SEO improvements compound over time. To know what’s really working, you need to track performance and build a repeatable process for optimization.

  1. Set clear goals. Decide what “improvement” means for you: more organic sessions, higher rankings for a set of keywords, more leads, or more sales.
  2. Monitor key reports in Search Console. Check the “Performance” report weekly for clicks, impressions, and average position. Look at which queries bring traffic to your optimized pages.
  3. Review analytics behavior. In your analytics tool, track bounce rate, time on page, and conversion rate for the URLs you optimized. Use this to decide which content needs more work.
  4. Create a monthly SEO checklist. Each month, update a few posts, add internal links, fix broken links, and re-run speed tests. Over time, this becomes a routine instead of a one-off project.
Pro Tip: Keep a simple spreadsheet of target keywords, URLs, and their ranking/traffic over time. It makes it much easier to justify future SEO work and spot big wins.

Turn SEO Tweaks into a Repeatable WordPress Workflow

Improving WordPress SEO isn’t about one magic plugin or a single setting. It’s the combination of solid foundations, optimized content, smart internal linking, and fast performance that moves the needle.

By following this checklist—auditing your site, fixing core settings, re-optimizing key posts, strengthening internal links, and tuning performance—you turn SEO from a vague goal into a concrete workflow you can repeat every month. Over time, that consistency is what brings more qualified visitors, leads, and revenue from search.

Further Reading

Frequently Asked Questions

How long does it take to see WordPress SEO improvements?

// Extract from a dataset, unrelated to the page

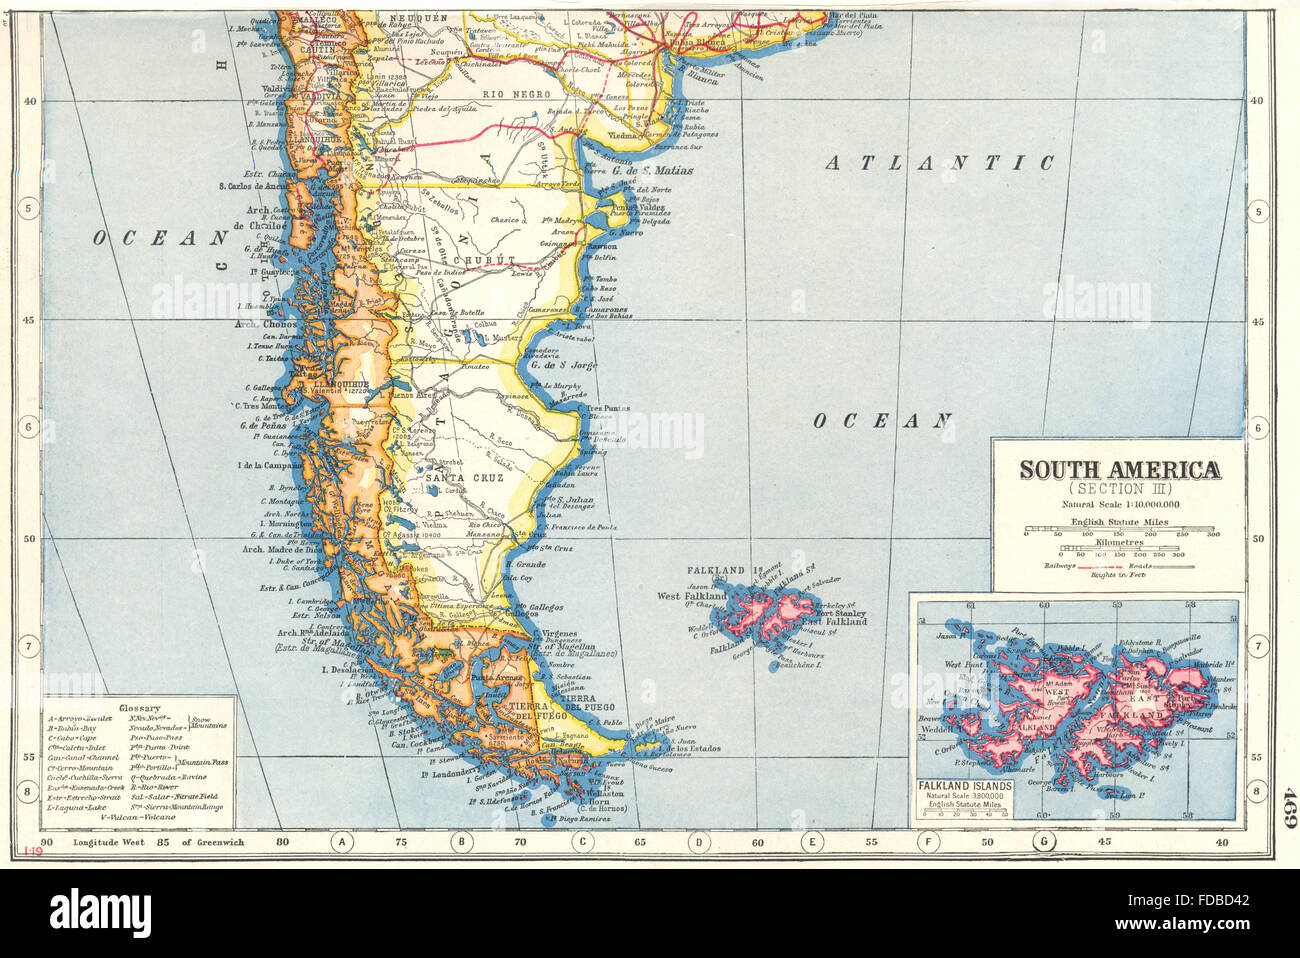 Patagonia Cartina Geografica.Patagonia Sud America Del Sud Argentina Chile Isole Falkland 1920 Mappa Vecchia Foto Stock Alamy

Most WordPress sites start to see early signs of improvement within 4–8 weeks once technical issues are fixed and key content is optimized. Competitive keywords and bigger traffic gains can take several months. The more consistently you publish, update, and interlink content, the faster your results typically grow.

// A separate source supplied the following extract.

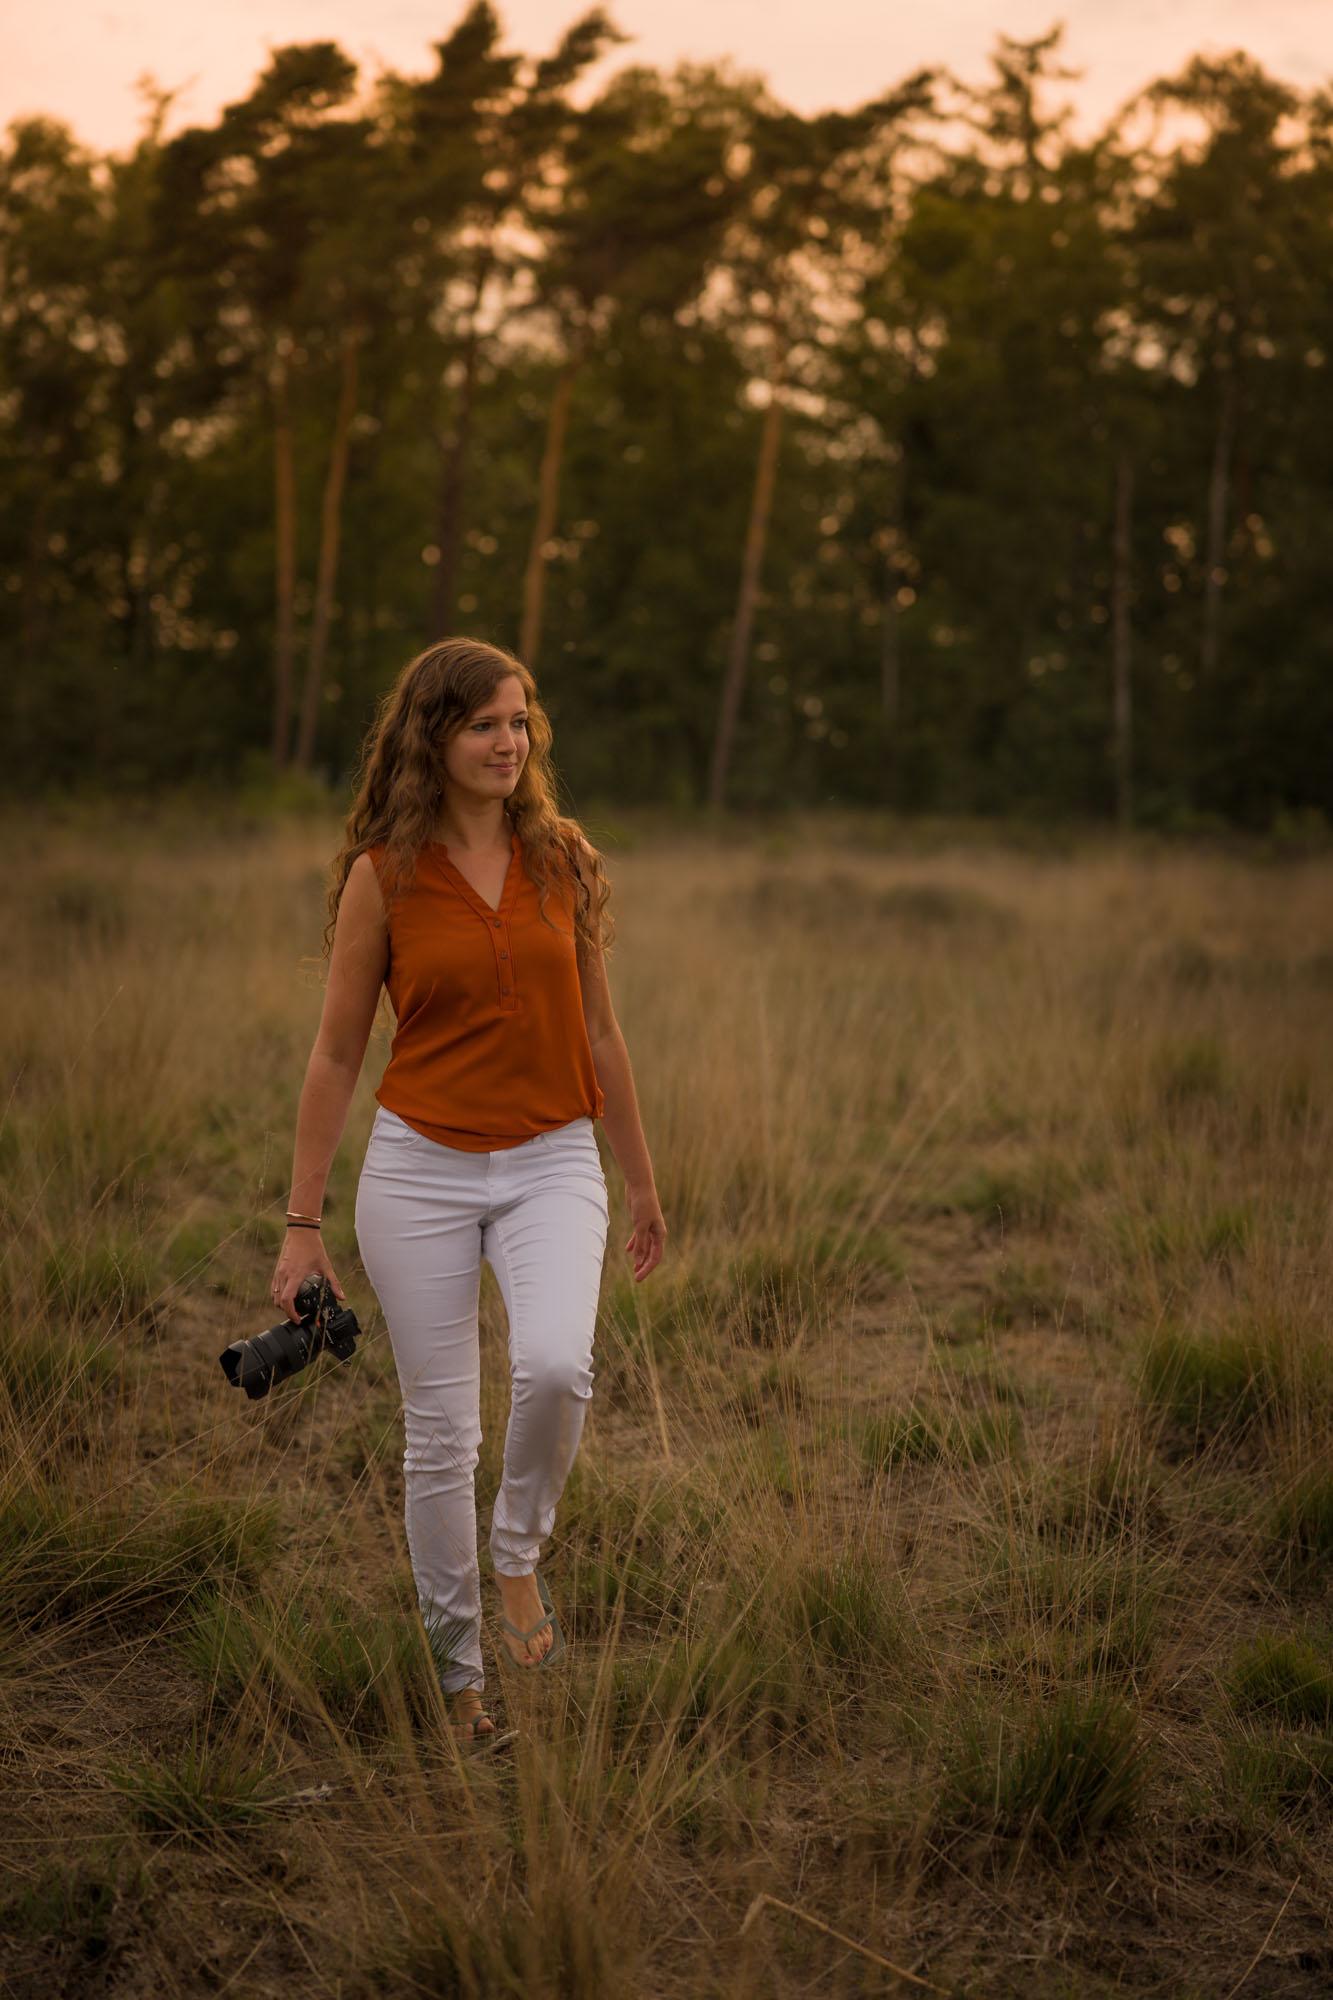 portret van fotografe tussen hoog gras tijdens gouden uur door mayrafotografie

What is the safest way to change my WordPress permalink structure?

If your site is already indexed, changing permalinks should be done carefully. First, take a full backup and test the change on a staging site. Then, switch to the new structure under Settings → Permalinks and use a redirection plugin (or server rules) to set 301 redirects from old URLs to new ones. Finally, test important URLs in your browser and in Google Search Console for errors.

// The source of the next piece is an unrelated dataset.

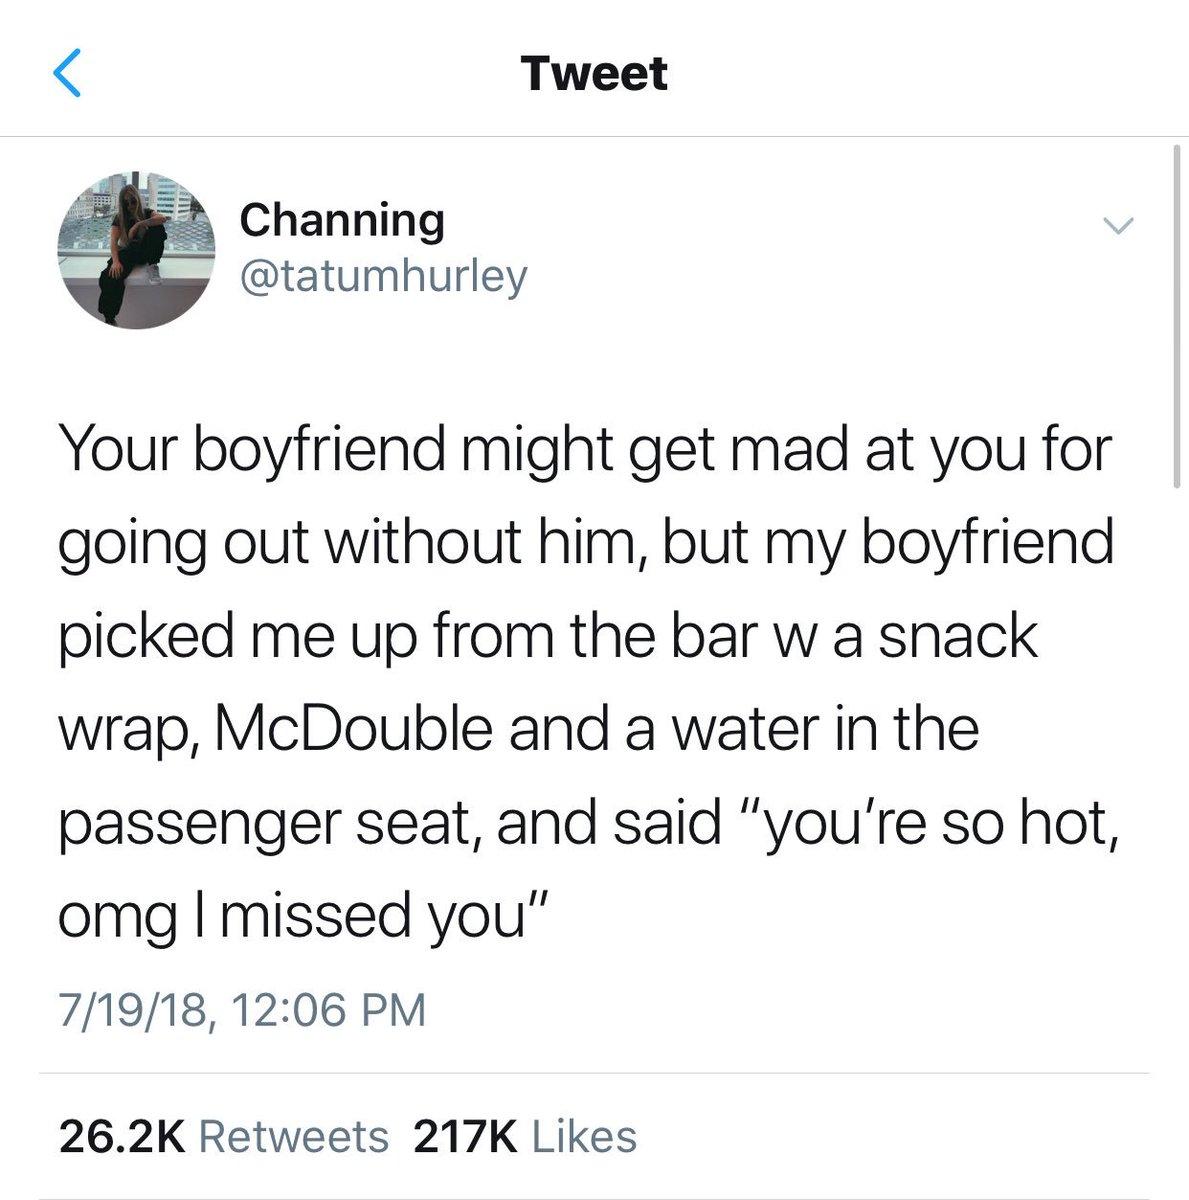 Get a girlfriend challenge

Why aren’t my WordPress pages showing in Google even after optimization?

Common causes include the “Discourage search engines” box still being enabled, a misconfigured robots.txt that blocks important URLs, no XML sitemap submitted, or serious crawl errors in Google Search Console. Check Search Console’s Indexing and Page Experience reports, fix any blocking issues, and request indexing for your key pages.

Do I need a paid SEO plugin to improve WordPress SEO?

No, you can significantly improve WordPress SEO with free plugins by configuring titles, meta descriptions, sitemaps, and basic schema. Paid versions usually add advanced features like redirects management, more detailed schema controls, and extended support. Start with free tools, then upgrade if you need more automation or reporting.

How does website security affect WordPress SEO?

Security issues like malware, hacked pages, or mixed HTTP/HTTPS content can hurt rankings and even cause warnings in search results. Always run your site over HTTPS, keep WordPress, themes, and plugins updated, and use reputable security plugins and backups. A secure, stable site is more likely to maintain strong SEO performance over time.